Scripps researcher calls for better care of the deep blue sea
By Chris Palmer
The deep ocean is under attack by climatic and economic forces, and without proper stewardship, this important resource could be irreversibly damaged, warned Scripps Institution of Oceanography Distinguished Professor Lisa A. Levin. She delivered the message recently to a capacity audience at a Jeffrey B. Graham ‘Perspectives on Ocean Science’ lecture hosted by the Birch Aquarium.Levin’s talk, “A New Imperative for Deep-Ocean Stewardship,” detailed the ways in which changes in ocean temperature and chemistry, as well as growing economic opportunities, are placing new pressures on deep-ocean ecosystems.
Levin has conducted research of deep-ocean ecosystems on the margins of the Pacific, Indian and Atlantic Oceans in more than 30 oceanographic expeditions over the past 3 decades using ships, submersibles and remotely operated vehicles to collect samples and conduct experiments. “The deep ocean covers over half of the planet but most of it is less well known than the surface of the moon,” she said.
In addition to the enormous biodiversity it hosts, the deep ocean provides numerous benefits to humans and the planet as a whole. It is the source of many biological products utilized in industry and medicine. The sea floor is the habitat of bacteria and other microorganisms that are the basis of most marine food chains. The sea floor also performs the vital service of sequestering excess carbon dioxide from the Earth’s atmosphere.
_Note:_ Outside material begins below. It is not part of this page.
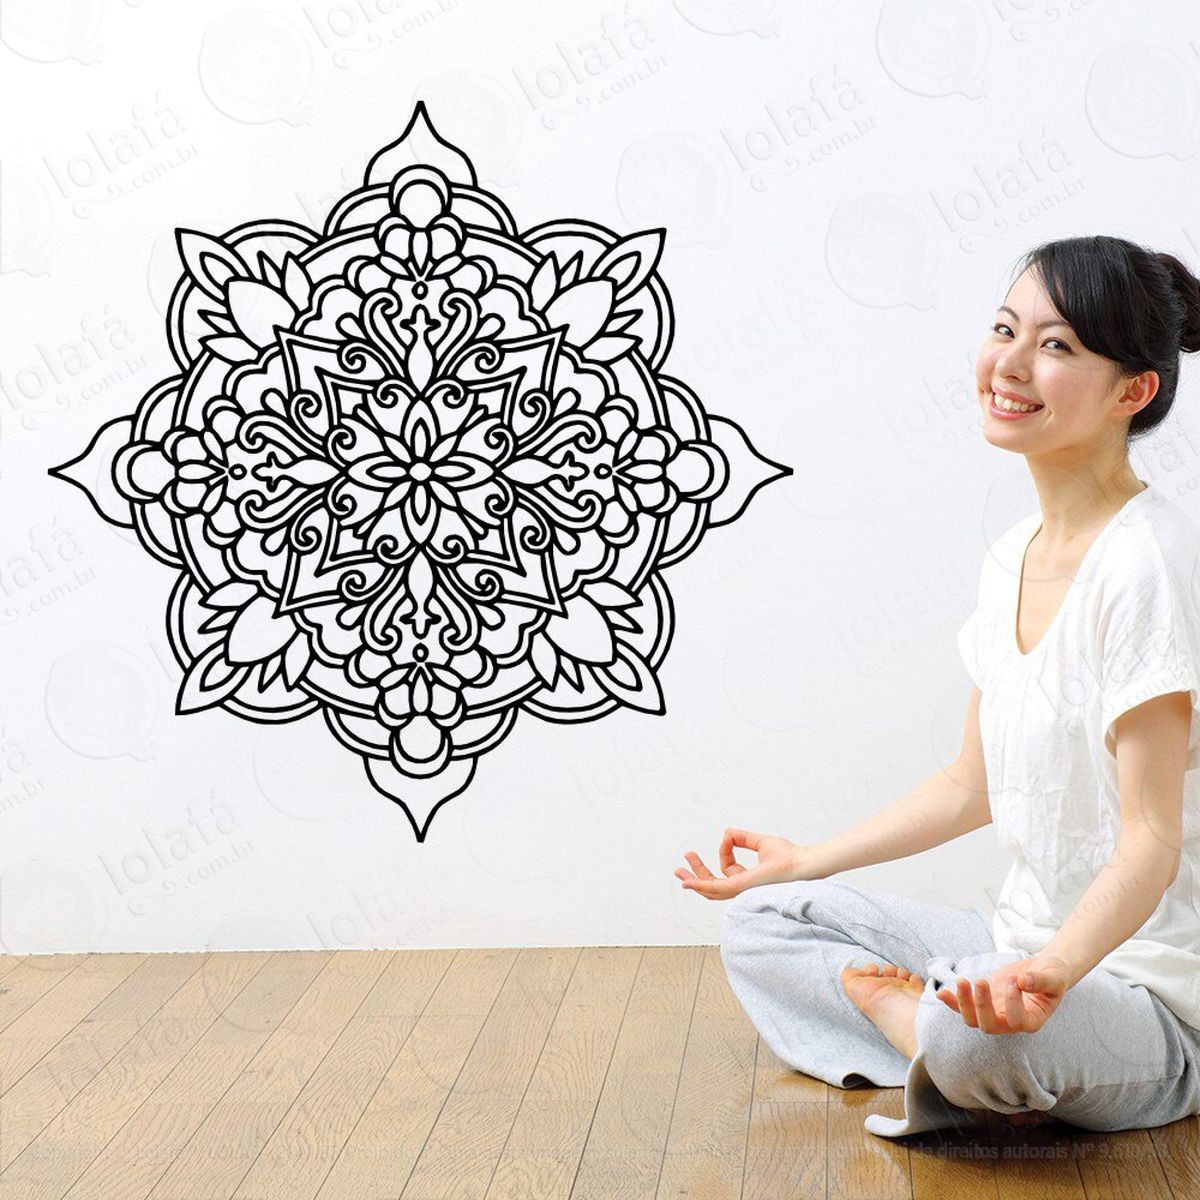 mandala da meditação adesivo de parede decorativo para casa, quarto, sala e vidro - mod:269
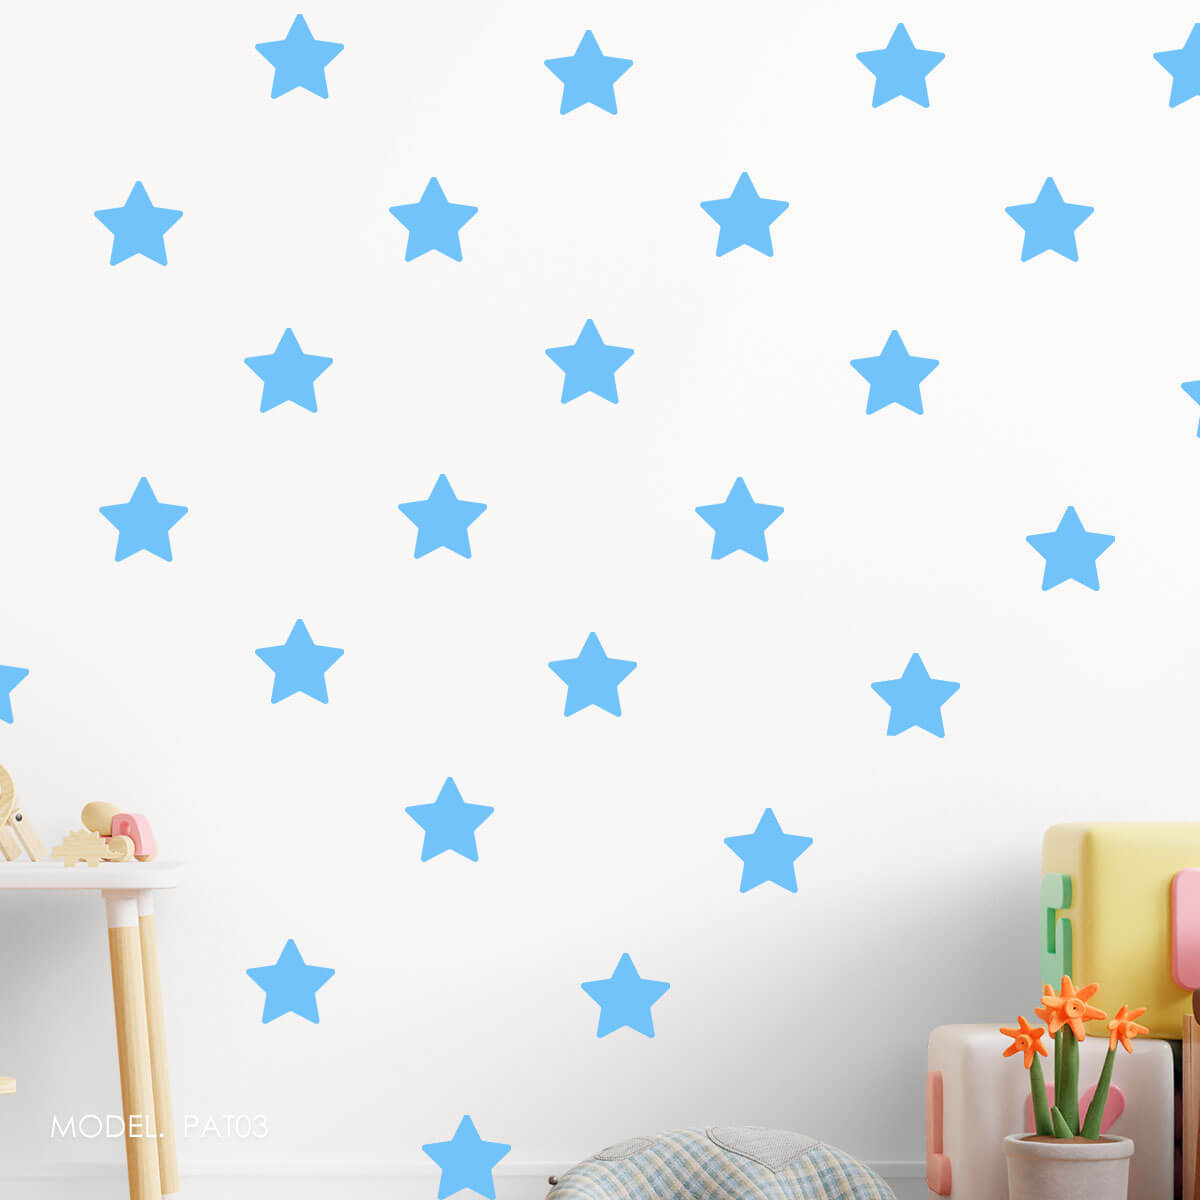 PAT03- Patrón Estrellas Azules ¡Escoge tu tonalidad de azul favorita!

Currently, said Levin, human activity is threatening the deep ocean on a variety of fronts. Climate change will likely increase the amount of carbon dioxide and methane gas in the ocean, leading to ocean acidification and deoxygenation. The result will be a loss of deep-water corals and disruption of all marine ecosystems.
Over the past 40 years, humans have greatly expanded the range of depths in which they fish. This practice is unsustainable due to the low reproductive rates and slow growth of the large fish at those depths. Humans have also increasingly been engaged in bottom trawling, which, according to Levin “leaves a barren wasteland and flat surfaces in its wake.”
Equally damaging in its impact is the mining of the ocean floor, which is starting to occur near the coastal regions of some developing countries. Operations in Namibia and Papua New Guinea will essentially vacuum the ocean floor for scraps of mineral resources, in a process that Levin compared to strip mining.
“There is a need for improved and coordinated stewardship of deep waters,” she said, pointing to the confusion created by the enormous diversity in the regulation of a wide variety of activities, such as fishing and mining, in the deep ocean amongst the more than 120 countries that claim coastal jurisdiction.
Even when regulations are clearly stated, “Enforcement in the deep sea is a major challenge due to lack of resources, though remote sensing technology is starting to help,” said Levin.
Levin ended her lecture with a quote by New York Times writer Verlyn Klinkenborg. “It is not how many species we discover. It is how to protect them once we found them, and how to keep from destroying the species we do not know before we have a chance to find them.”